第40話 凛の好きな人②
凛が前世から時雨を恋愛対象にしていた事は考えもしなかった。
主従関係から先輩後輩の間柄になっても、お互いに大切な存在である事は変わらない。
「先輩は人間性も優れて立派な為政者だと尊敬の念を抱いております。私のような若輩者が恋愛対象になる資格はありません」
「弱虫! どうして自分を卑下するの。人を好きになる事に資格なんて必要ないよ」
「……私は一度、姫様を守れずに死なせてしまった。そんな男だった者を好きになったところで、また姫様を不幸にしてしまうかもしれない」
時雨は凛から視線を逸らして、胸中を語る。
かつてのような体力や剣を振るう力はないので、できる範囲で凛を見守るつもりでいるが、今の凛なら時雨の力がなくても一人で立派な人生を歩んでいけると確信している。

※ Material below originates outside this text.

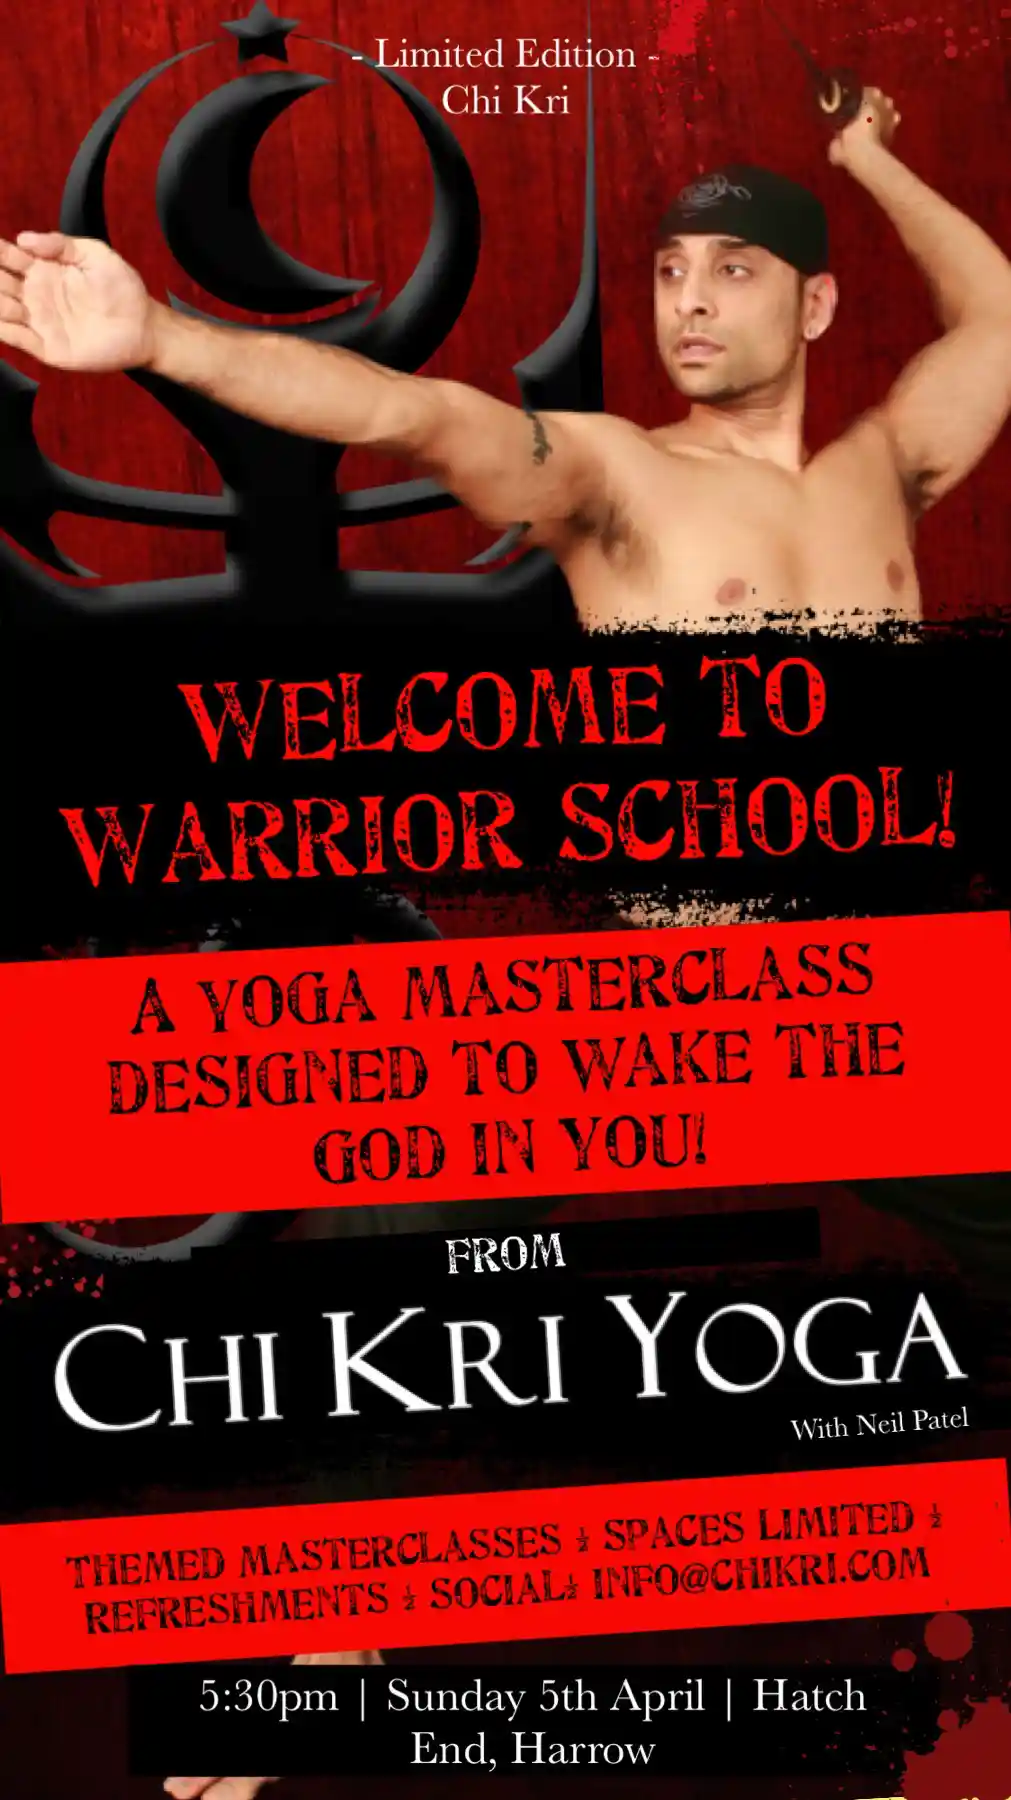 Chi Kri Yoga - Warrior School

「不幸なら何度でも撥ね退けてみせるわ。私は絶対に時雨を好きになる事を諦めないし、いつかあなたの口から私に愛の告白をしてくれる未来を作り上げてみせる」
理知的な凛からは想像できない無茶苦茶な根性論を突き付けると、凛は時雨の傍を離れて解放する。
乱れた制服を整えると、凛が注文していたのか、店員が軽食を運んでテーブルに並べる。
再び二人っきりになると、凛は両手で時雨の手を握ってみせる。
「時雨は私に恋の魔法を掛けた騎士様なのよ」
「姫様……」
「生徒達には品行方正な優等生だけど、時雨とこうして二人っきりで甘えたりしたかった。時雨はどこか大人びたところがあるから、辛かったりしたら時雨も甘えていいんだよ」
大人びているのは前世の性格によるものだと自覚はしている。
騎士なら逆境を打ち負かすぐらいの心構えを忘れずに、転生してから十数年を過ごしてきた。

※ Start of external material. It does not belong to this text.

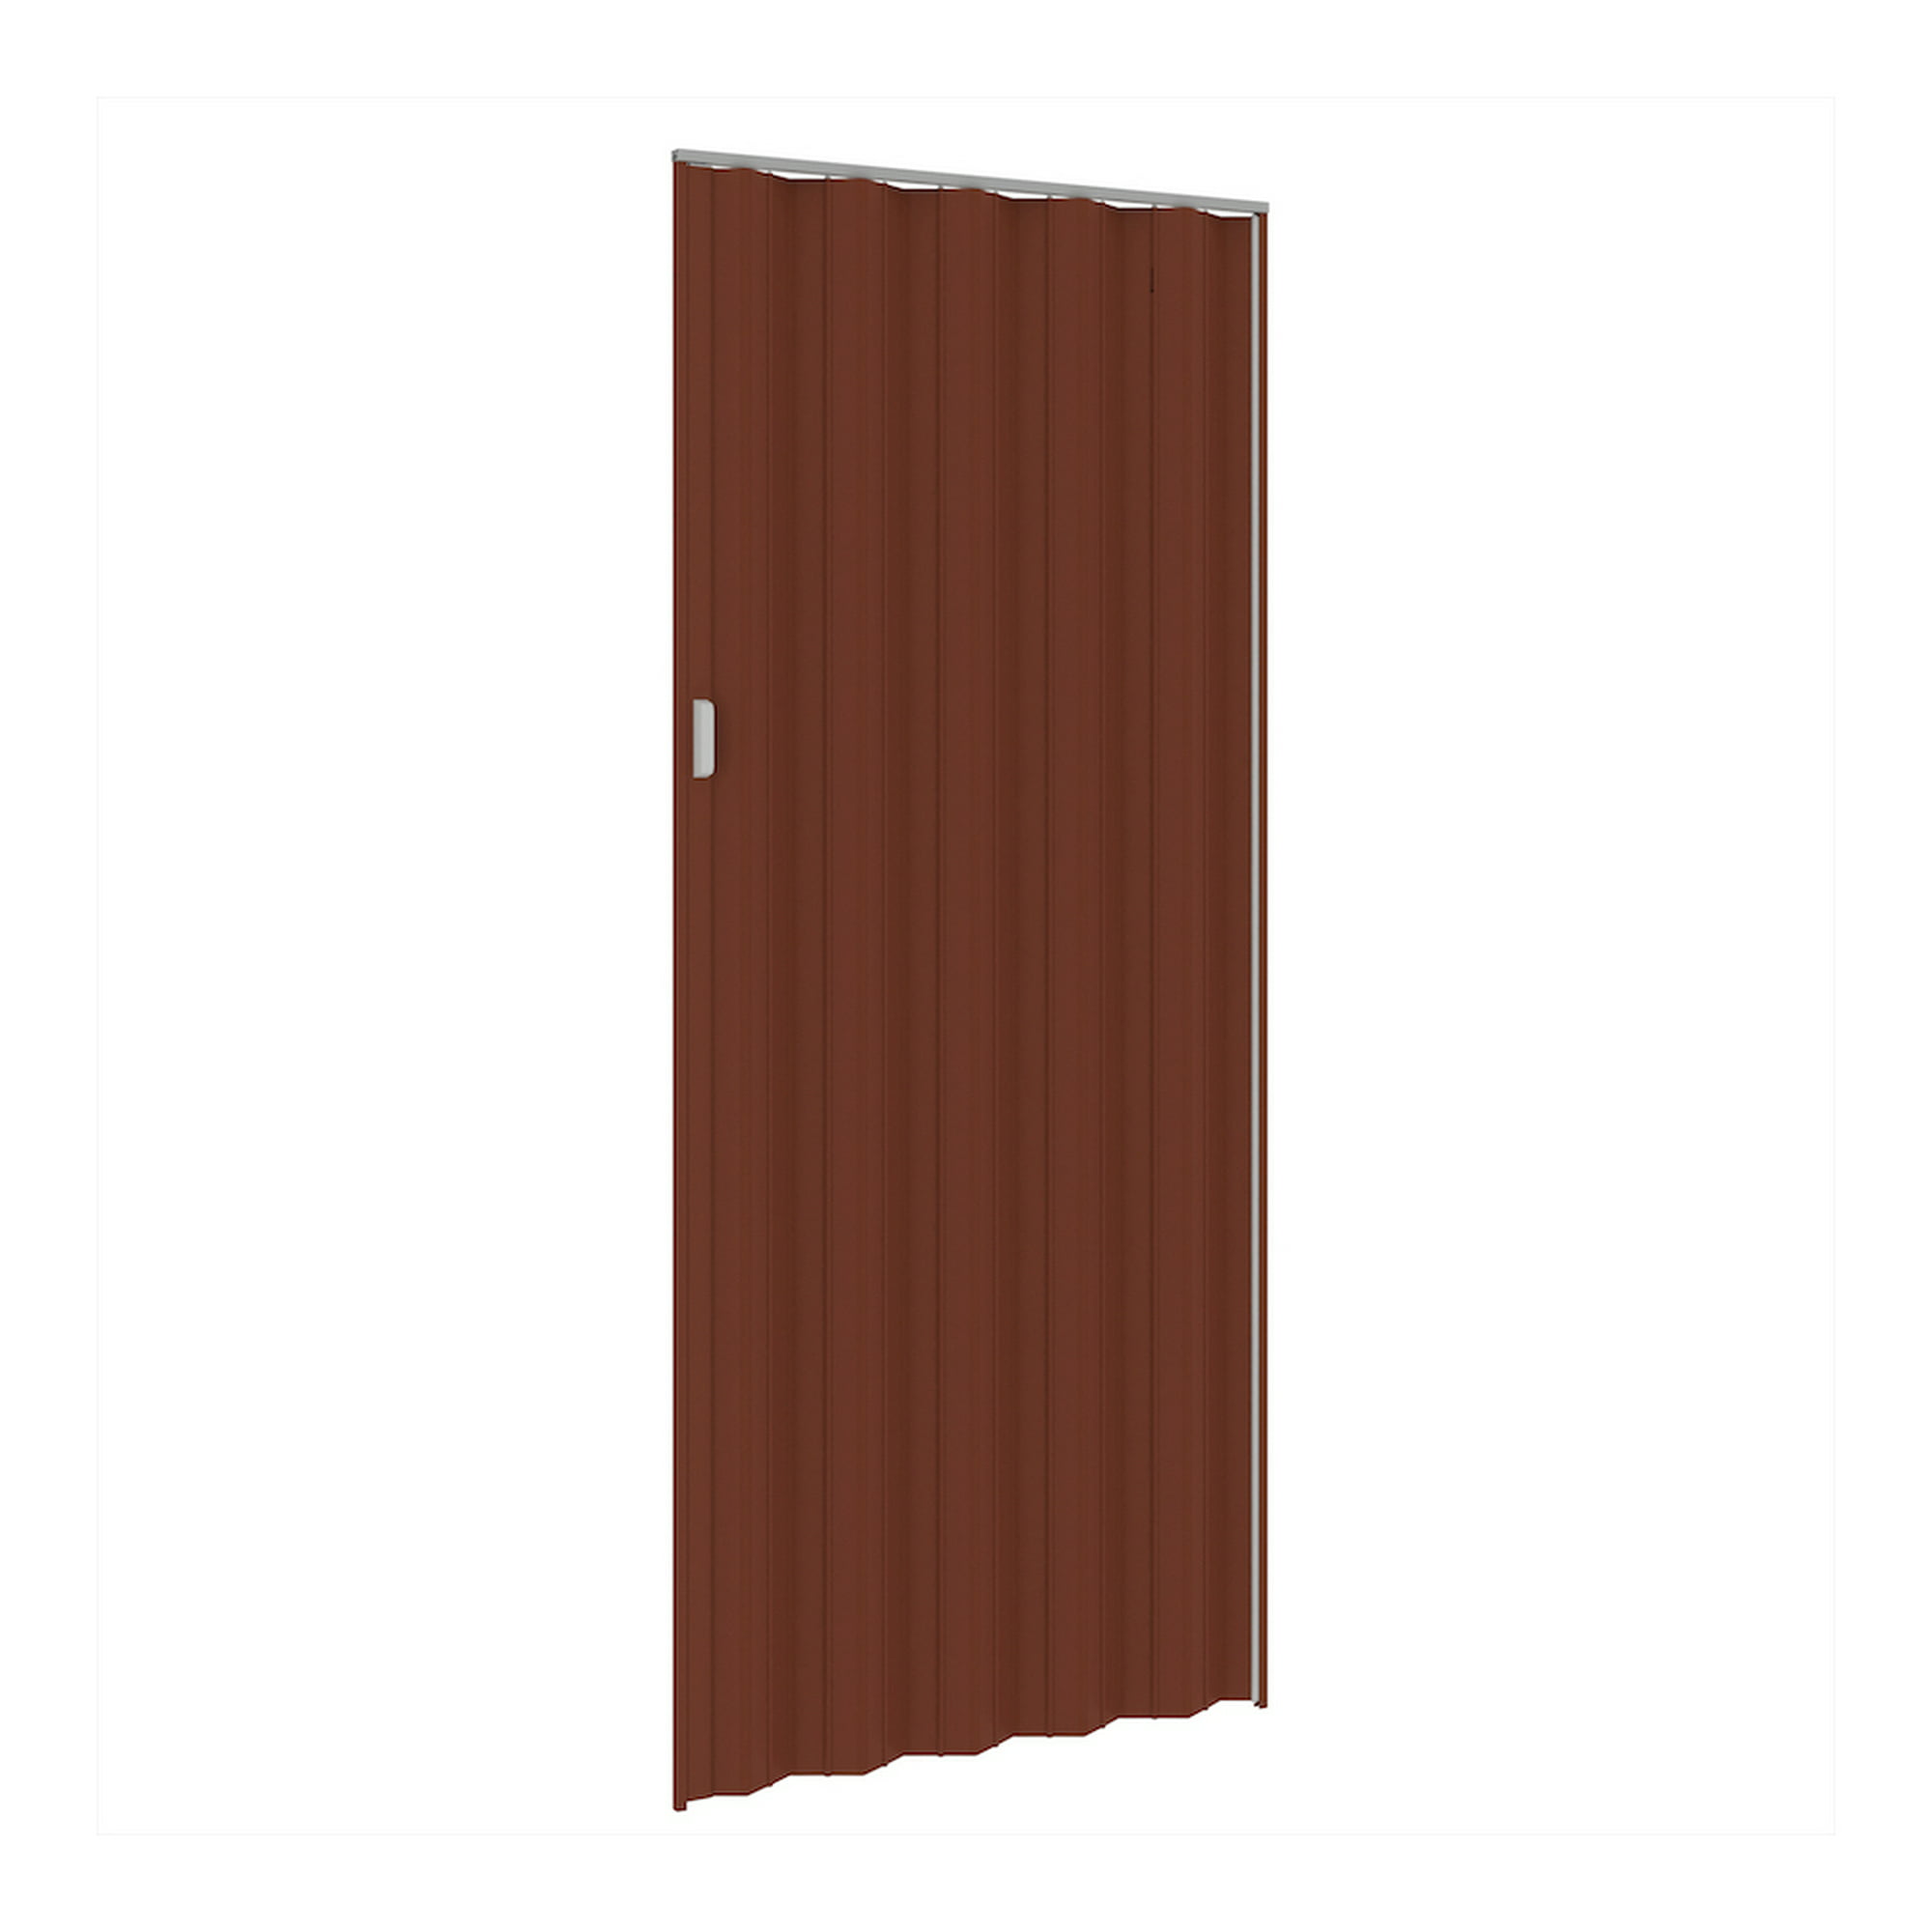 Puerta de acordeón de 2' x 80 con acabado de madera roja

実際に心折れそうな時はあったりしたが、香や時雨の家族が支えになってくれた。
「ありがとうございます。今の私は先輩を好きではありますが、恋愛感情はありません。ですが、これから先は誰かに恋をしたりするかもしれませんし、明るい未来があると信じています。その時になったら、私なりに答えを出すつもりです」
「そっか……分かったよ。強引な真似をしてごめんなさい」
「私も優柔不断で申し訳ありませんでした。お詫びではありませんが、一緒にデュエットしませんか?」
「いいわね。どの曲にしましょうか」
二人は笑顔になってマイクを握ると、心置きなくカラオケを楽しんだ。